Gainesville is not an especially prosperous place. There are a couple of streets of pristine 19th-century gingerbread houses, and the rest of it is modest to deteriorating to gone to shit. Every day I crossed more than one “Welcome” mat that pictured a rifle and proclaimed THERE IS NOTHING HERE WORTH DYING FOR, which was unsettling, even if my satchel and my hat indicated a right to be there. Every day gigantic dogs barked at me, from behind fences and doors, as if they could taste my throat. One day a medium-size schnauzer-looking blur charged me and took a chunk out of my knee before I could even reach for my USPS-issued dog spray. Every day I collected envelopes addressed to Publishers Clearing House and delivered letters from prison. Every day I wanted to give that one customer more than junk mail, because she was obviously waiting on a check, or something else. Maybe a better life to come in the mail, standing at the end of her driveway like that, with those little kids. I brought medicine, and threats from the IRS, and in Gainesville the postman also brings the newspaper. I brought packages and political ads and weekly coupon fliers. I’d deliver a piece of mail one day and the next day I’d have to take it back for some reason. One customer, apparently frustrated, wrote THE BASTARD DOES NOT LIVE HERE across the top of the envelope.

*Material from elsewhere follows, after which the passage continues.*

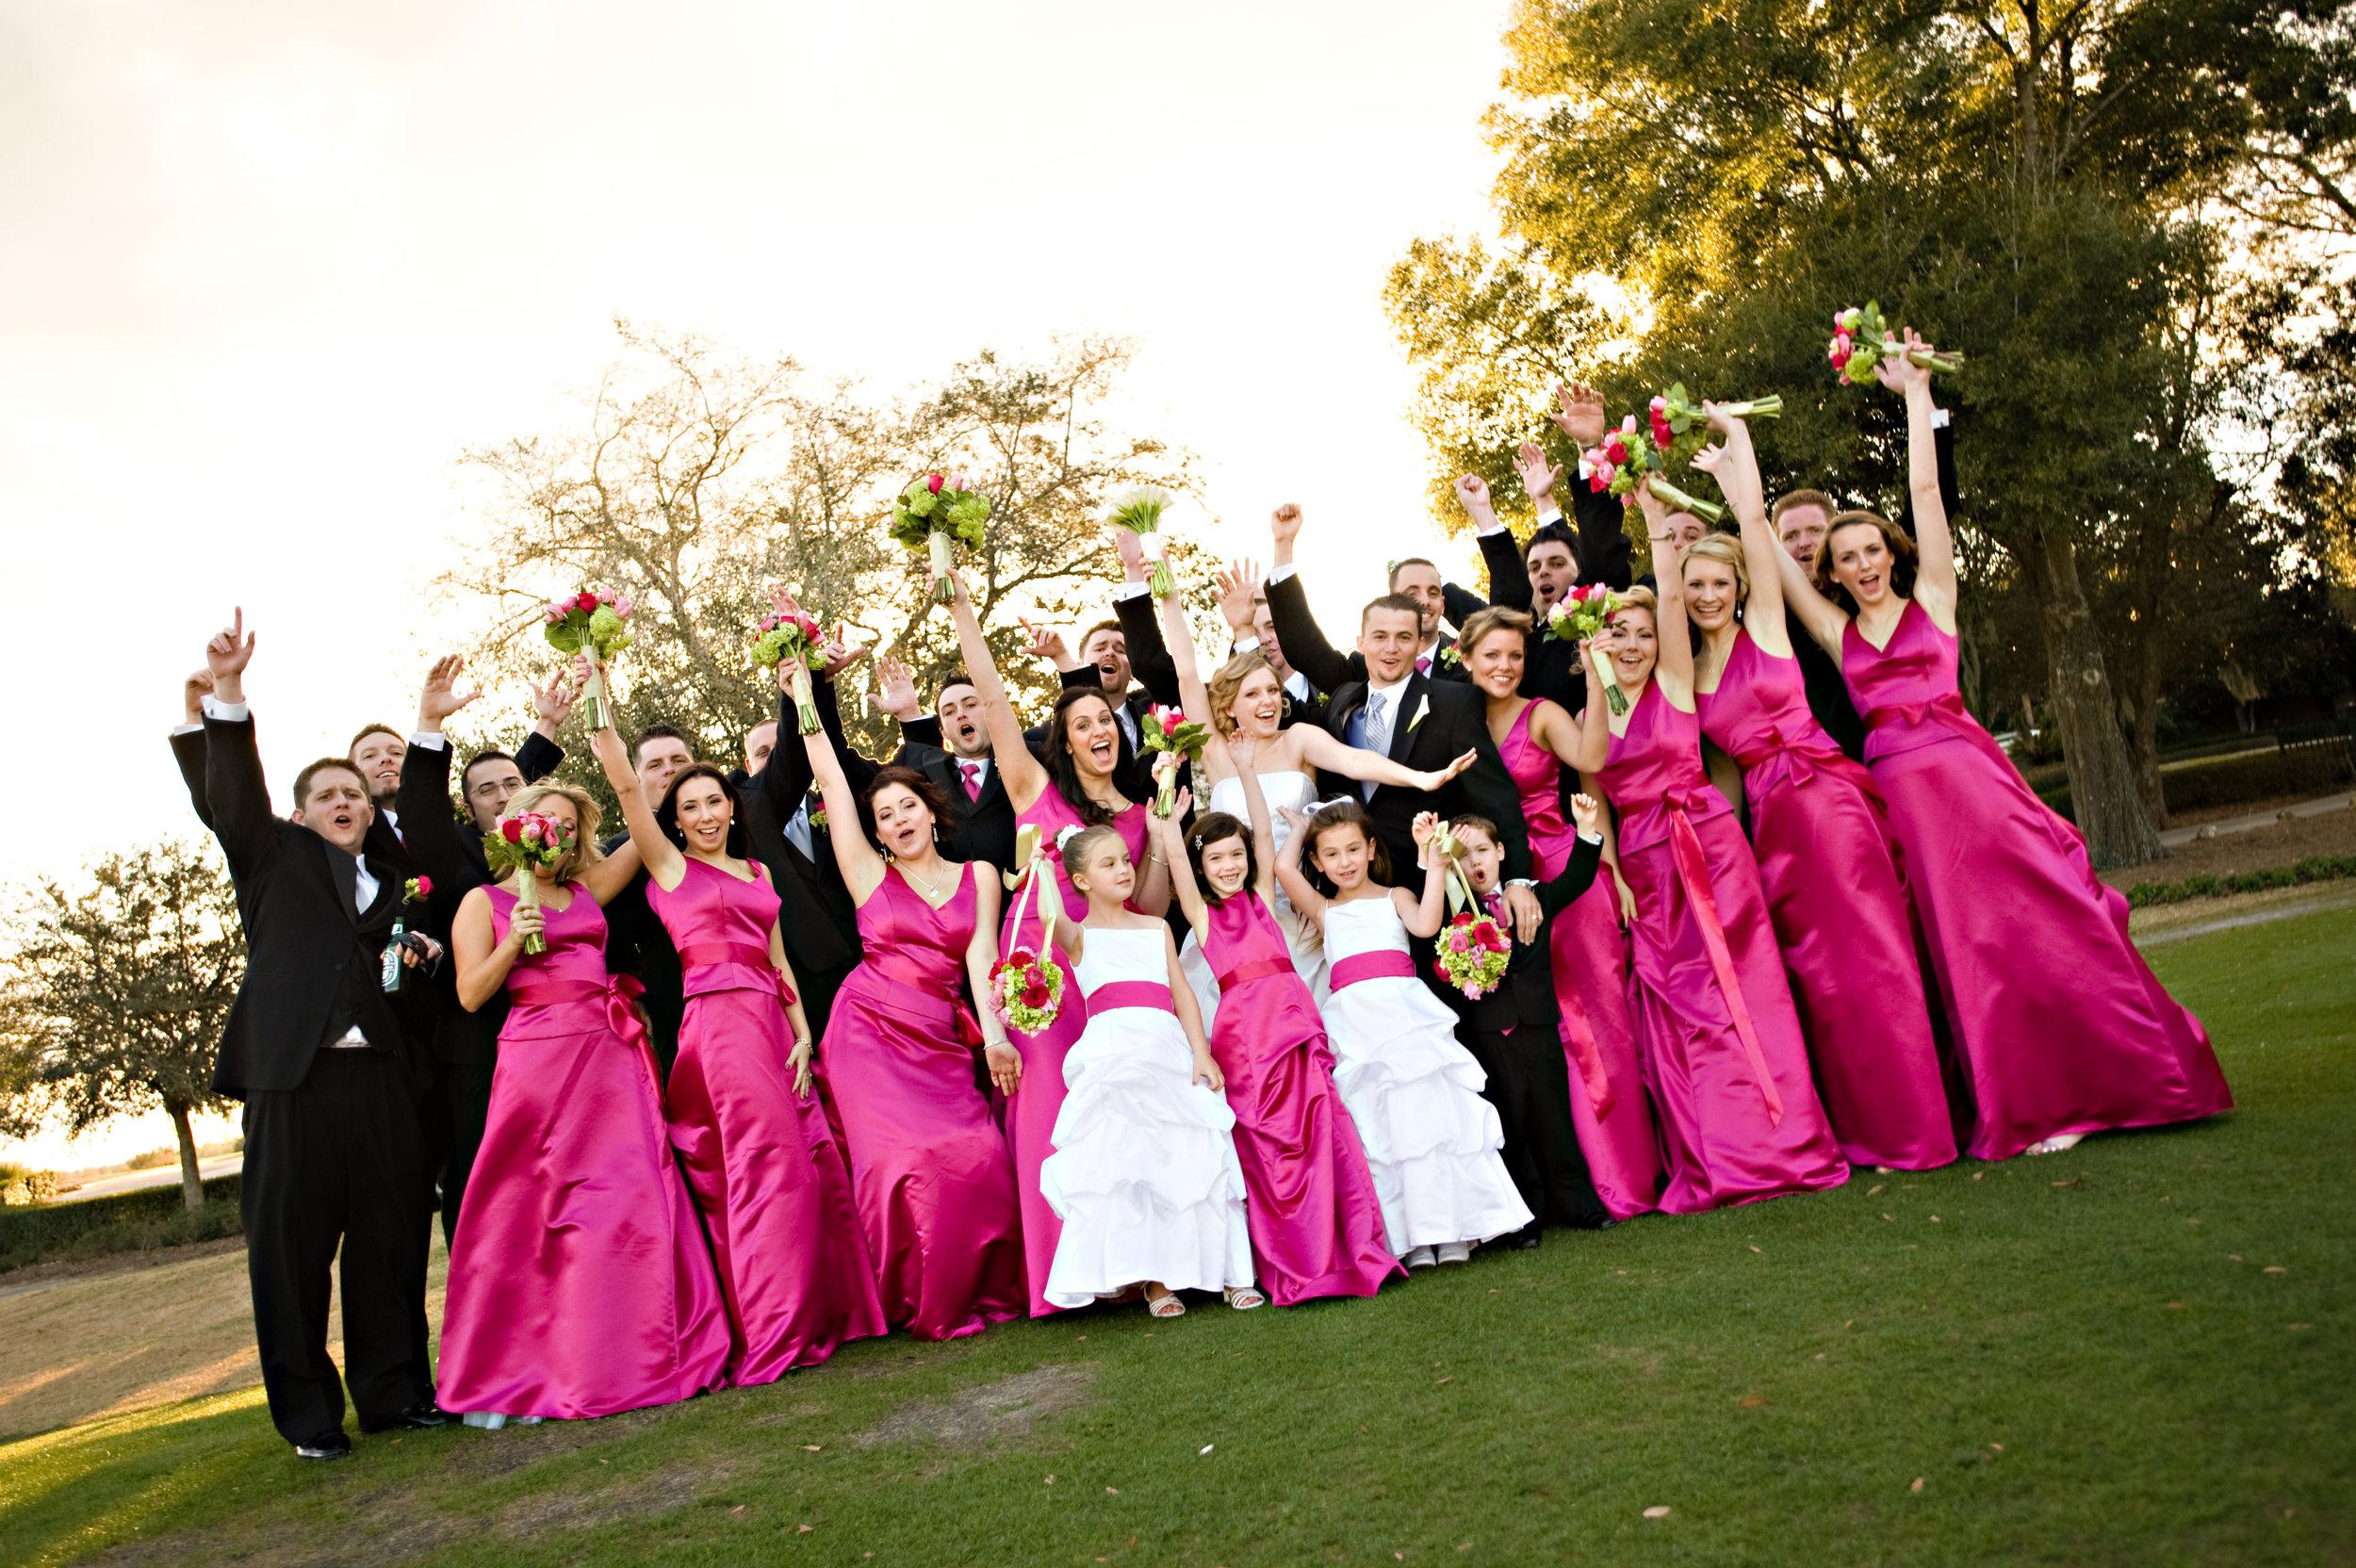 Wedding dresses - Bridesmaids Dresses

The veteran city carrier who trained me, when he demonstrated how to deliver certified mail, knocked assertively on an apartment door through which wafted a keenly skunky ganja and announced, “MAILMAN.” The feminist in me wondered what to do with that. Pounding on someone’s door and saying, “MAILWOMAN,” even assertively, is just not as clear, perhaps especially to someone smoking that stink of a weed. “Mailwoman,” however amusing as wordplay, is not going to fall on people’s ears in a way they expect, and neither is “letter carrier,” which is a shame, because the latter is so beautiful and so accurate. Usually I just said, “Postal Service,” which always made me think of the band.

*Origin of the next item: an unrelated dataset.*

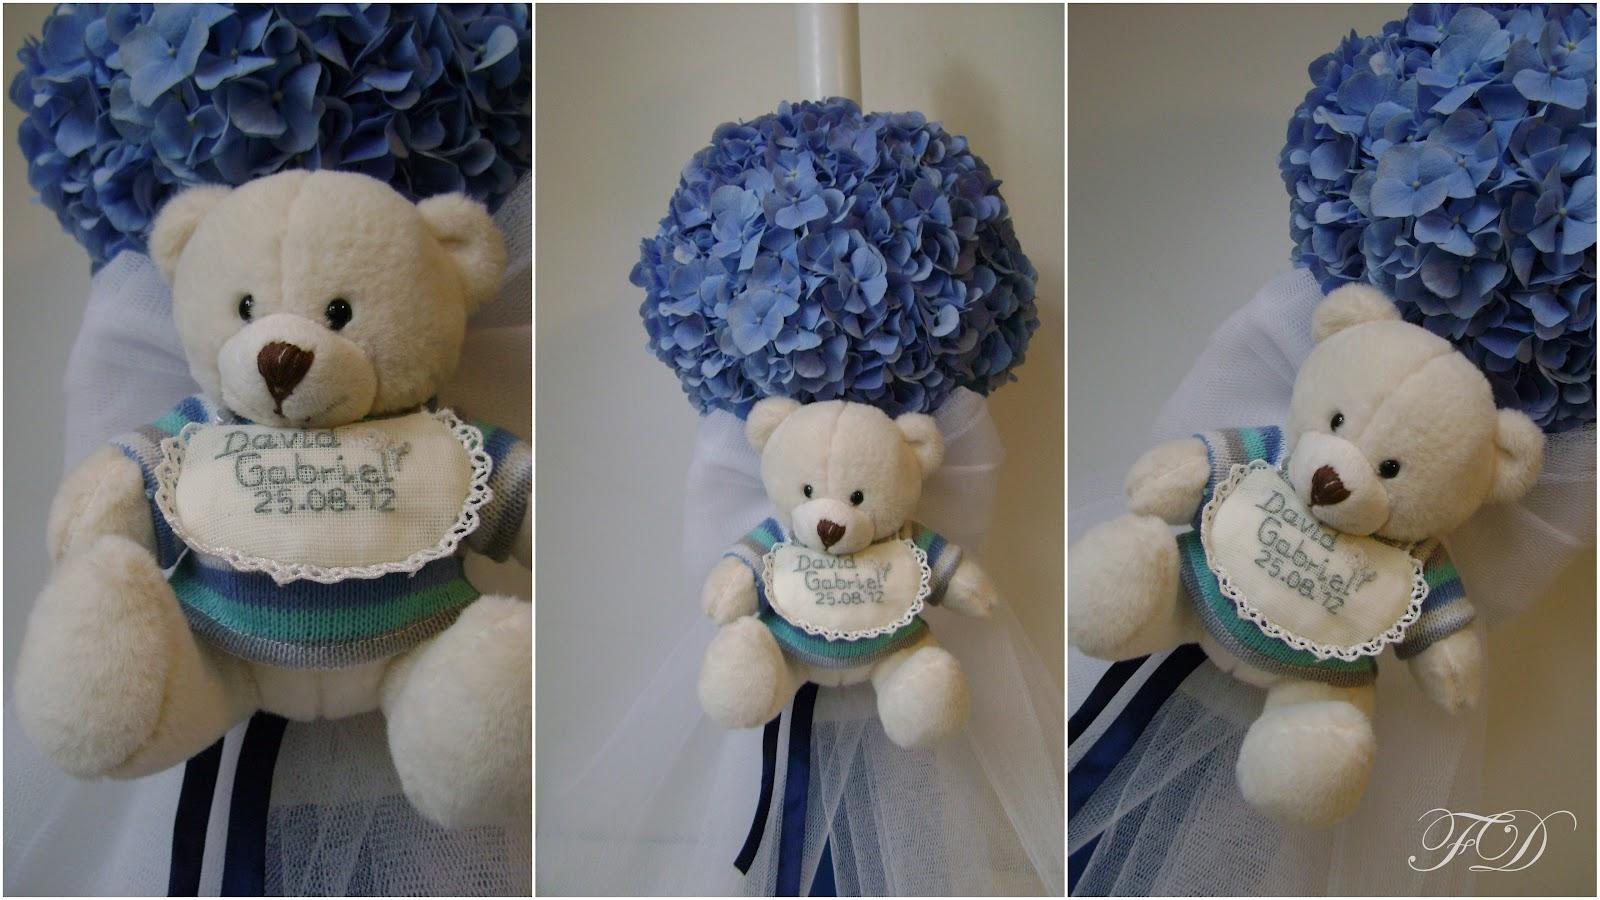 flower decor mini lumanare botez cu hortensie albastra si ursulet alb. Black Bedroom Furniture Sets. Home Design Ideas

Sometimes I did listen to The Postal Service while I delivered mail. After I got the hang of letter carrying, I listened to every episode of every podcast I’d ever been interested in. I could listen to a favorite musician’s entire discography in one day. I listened to full-time writer Sarah Hepola’s memoir Blackout, which contains a somber audio Easter egg I would have missed out on if I’d read the book on paper.
I loved that luxury—listening, for six or eight hours—and I loved walking 10 or 12 miles. I loved starting the day with a truck full of mail and ending the day with all of it dispersed. I loved thinking about how that particular truck had been out on a route somewhere almost every day for 30 years; a lot of the LLVs (in the ever-literal parlance of the Postal Service, Long Life Vehicle is what that standard boxy mail truck is called) were built in the ’80s. I loved the time to think, and the solitude, and the prescribed interaction with people.
But perhaps above all, I loved counting how many hours I had worked and knowing how much I would be paid, and when, and knowing the check would be in the mail.